The async_thread_pool extension adds support for running database queries in a separate threads using a thread pool. With the following code
DB.extension :async_thread_pool foos = DB[:foos].async.where(name: 'A'..'M').all bar_names = DB[:bar].async.select_order_map(:name) baz_1 = DB[:bazes].async.first(id: 1)
All 3 queries will be run in separate threads. foos
, bar_names
and baz_1
will be proxy objects. Calling a method on the proxy object will wait for the query to be run, and will return the result of calling that method on the result of the query method. For example, if you run:
foos = DB[:foos].async.where(name: 'A'..'M').all bar_names = DB[:bars].async.select_order_map(:name) baz_1 = DB[:bazes].async.first(id: 1) sleep(1) foos.size bar_names.first baz_1.name
These three queries will generally be run concurrently in separate threads. If you instead run:
DB[:foos].async.where(name: 'A'..'M').all.size DB[:bars].async.select_order_map(:name).first DB[:bazes].async.first(id: 1).name
Then will run each query sequentially, since you need the result of one query before running the next query. The queries will still be run in separate threads (by default).
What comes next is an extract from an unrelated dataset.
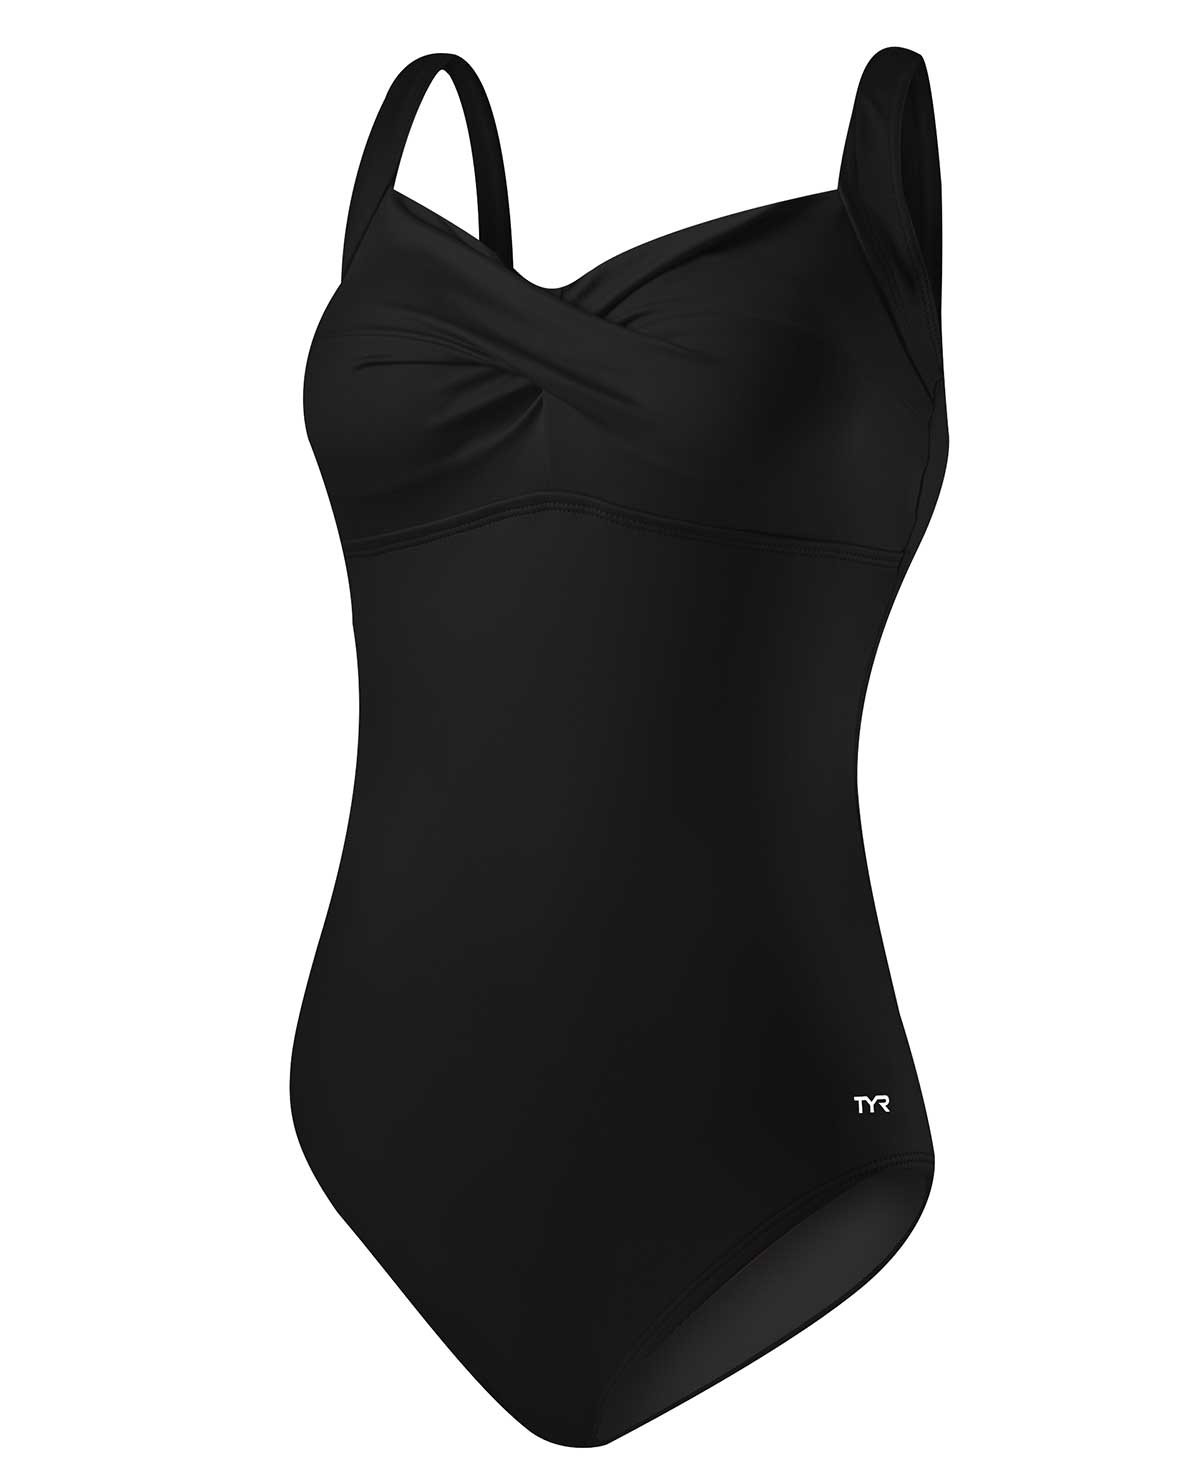 https://www.breizh-rider.fr/34362/tyr-solid-twisted-bra-womens-one-piece-swimsuit-controlfit-black.jpg

What is run in the separate thread is the entire method call that returns results. So with the original example:
foos = DB[:foos].async.where(name: 'A'..'M').all bar_names = DB[:bars].async.select_order_map(:name) baz_1 = DB[:bazes].async.first(id: 1)
The all
, select_order_map(:name)
, and first(id: 1)
calls are run in separate threads. If a block is passed to a method such as all
or each
, the block is also run in that thread. If you have code such as:
h = {} DB[:foos].async.each{|row| h[row[:id]] = row} bar_names = DB[:bars].async.select_order_map(:name) p h
You may end up with it printing an empty hash or partial hash, because the async each
call will not have run or finished running. Since the p h
code relies on a side-effect of the each
block and not the return value of the each
call, it will not wait for the loading.
You should avoid using async
for any queries where you are ignoring the return value, as otherwise you have no way to wait for the query to be run.
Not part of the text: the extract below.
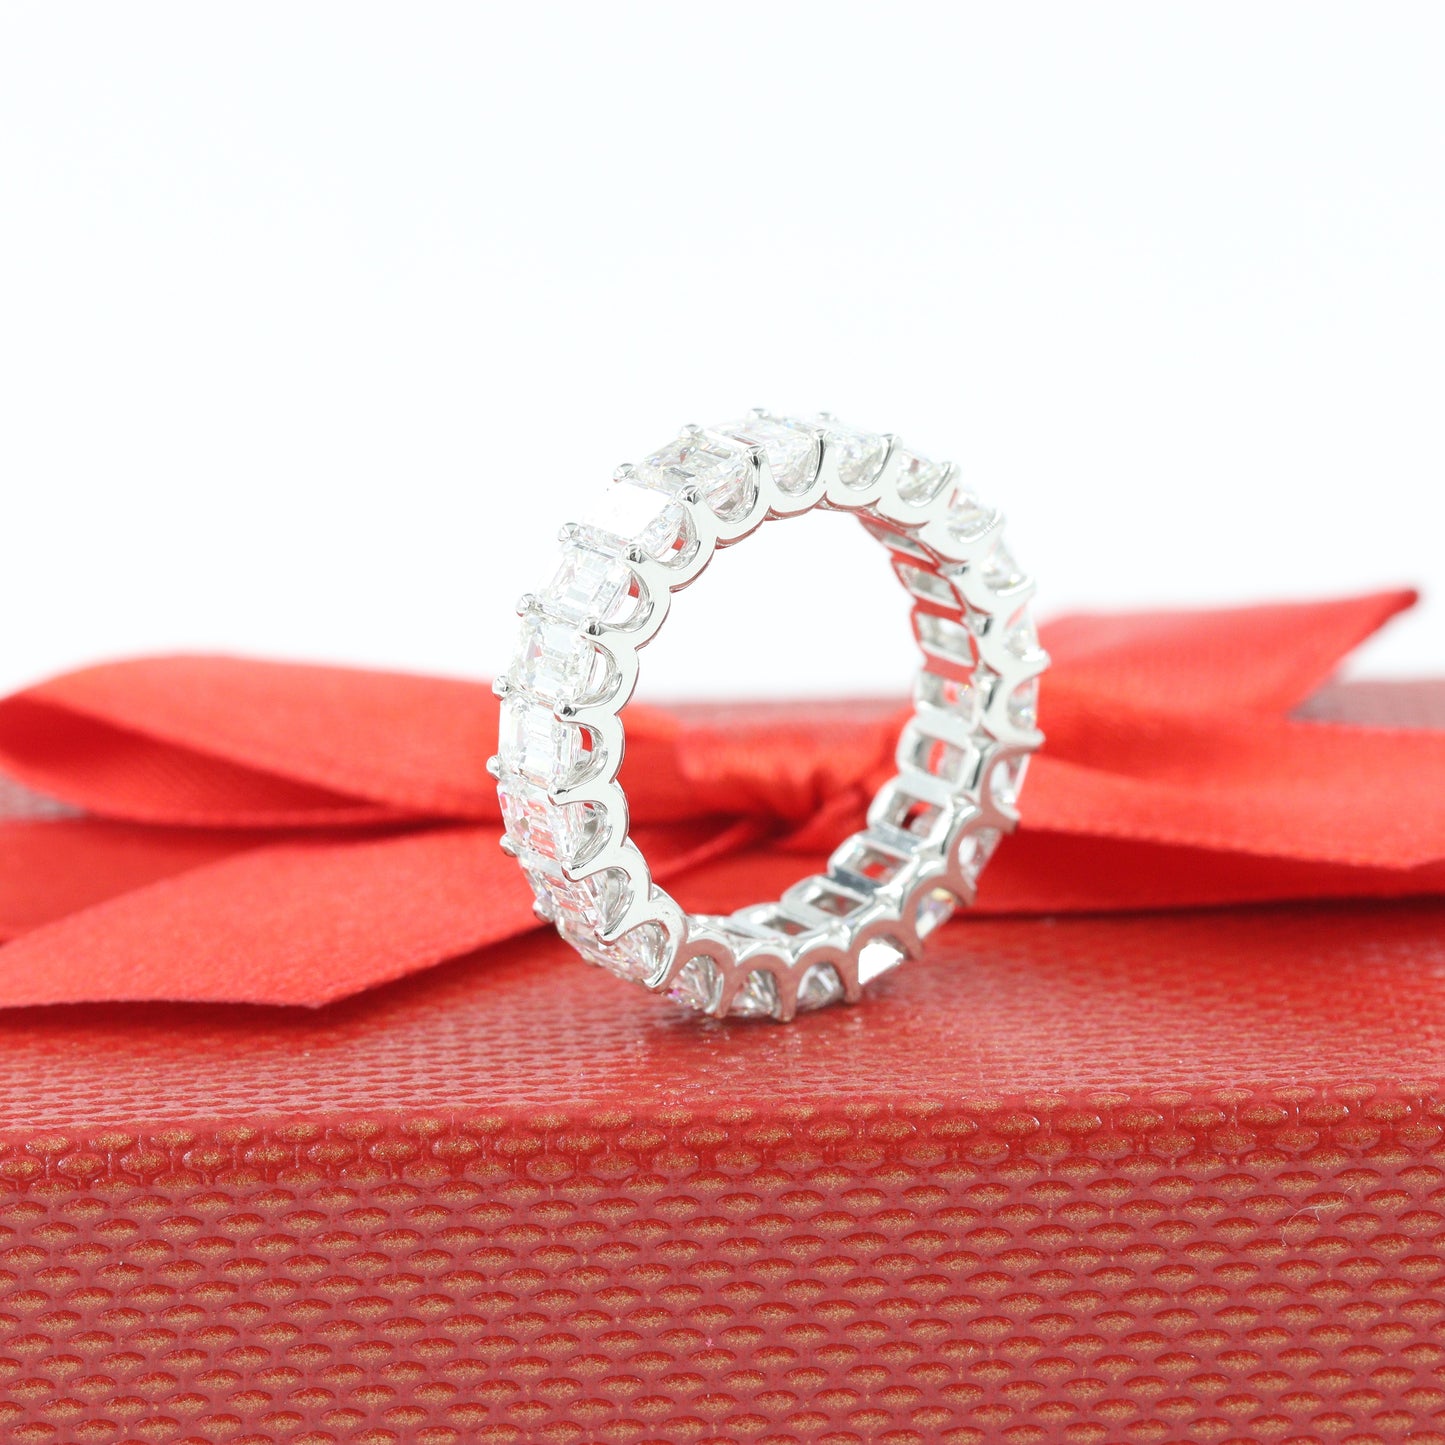 6ct Emerald Cut Diamond Platinum Ring/Stackable Emerald Cut Diamond U Shape Wedding Band/Full Eternity Wedding Ring/Anniversary gift

Datasets that use async will use async threads to load data for the majority of methods that can return data. However, dataset methods that return enumerators will not use an async thread (e.g. calling # Dataset#map without a block or arguments does not use an async thread or return a proxy object).
Because async methods (including their blocks) run in a separate thread, you should not use control flow modifiers such as return
or break
in async queries. Doing so will result in a error.
Because async results are returned as proxy objects, it’s a bad idea to use them in a boolean setting:
result = DB[:foo].async.get(:boolean_column) # or: result = DB[:foo].async.first # ... if result # will always execute this banch, since result is a proxy object end
In this case, you can call the __value
method to return the actual result:
if result.__value # will not execute this branch if the dataset method returned nil or false end
Similarly, because a proxy object is used, you should be careful using the result in a case statement or an argument to Class#===
:
# ... case result when Hash, true, false # will never take this branch, since result is a proxy object end
Similar to usage in an if
statement, you should use __value
:
case result.__value when Hash, true, false # will never take this branch, since result is a proxy object end
On Ruby 2.2+, you can use itself
instead of __value
. It’s preferable to use itself
if you can, as that will allow code to work with both proxy objects and regular objects.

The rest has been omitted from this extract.